Otoritas dalam setiap asosiasi bersifat asosiasi karena hanya ada dua kelompok konflik yang dapat terbentuk didalam setiap asosiasi, kelompok yang memegang posisi otoritas dan kelompok subordinat yang mempunyai kepentingan tertentu. Disini dihadapkan pada konsep teori konflik Dahrendorf yakni

kepentingan, kelompok yang berada di atas dan yang berada dibawah

didefinisikan berdasarkan kepentingan bersama.

2.4. Teori Alienasi Manusia

Di dalam agama manusia mengalami alienasi (keterasingan). Karl Mark tidak menolak kritik agama yang dilontarkan pendahulunya yaitu Feuerbach. Namun, Karl Marx kini telah meninggalkan kritik agama dan menawarkan gagasan yang baru dalam kaitan keterasingan manusia dalam koridor masyarakat. Karl Marx melihat bahwa manusia memang mengalami keterasingan yaitu dalam uang, pekerjaaan dan dari orang lain.

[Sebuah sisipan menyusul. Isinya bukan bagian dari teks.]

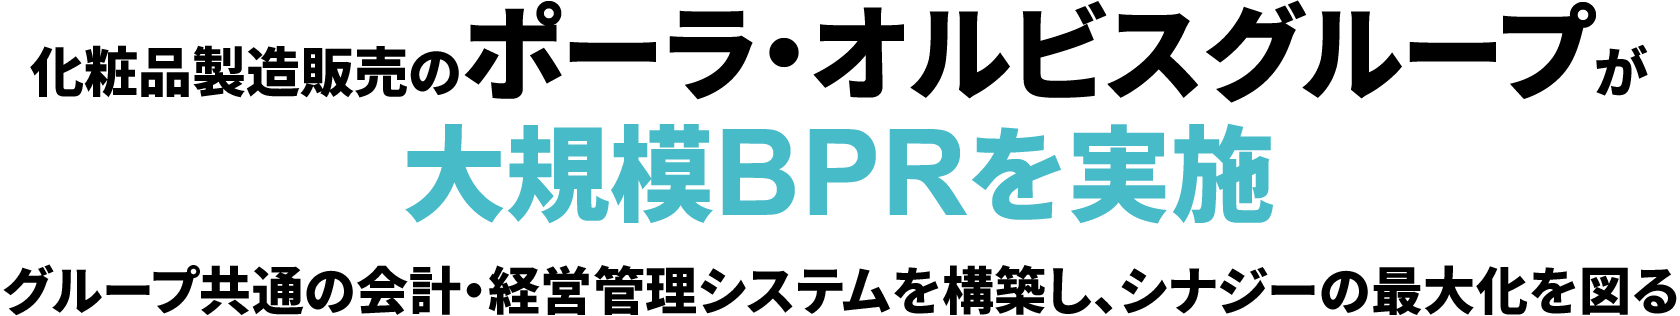 化粧品製造販売のポーラ・オルビスグループが大規模BPRを実施 グループ共通の会計・経営管理システムを構築し、シナジーの最大化を図る

Uang adalah tanda keterasingan manusia. Seseorang bisa membeli segala barang dengan uang. Nilai yang terutama hanya nilai uang dan bukannya kekhususan barang yang telah dibeli tersebut. Barang tersebut lantas kehilangan


(30)

nilai hakekatnya dan digantikan dengan nilai uang. Barang-barang alam kehilangan nilainya dan dengannya telah terasing dari manusia. Manusia membeli segala sesuatu demi uang. Relasi dengan sesama manusia pun banyak diukur dengan nilai uang. Uang mengasingkan manusia yang satu dengan yang lainnya. Manusia tidak lagi saling menghargai tetapi hanya saling mempergunakan. Hal demikian mengarahkan pada sikap egois, dimana orang lain dipandang sebagai saingan atau hanya sebagai alat untuk memenuhi kebutuhan kita.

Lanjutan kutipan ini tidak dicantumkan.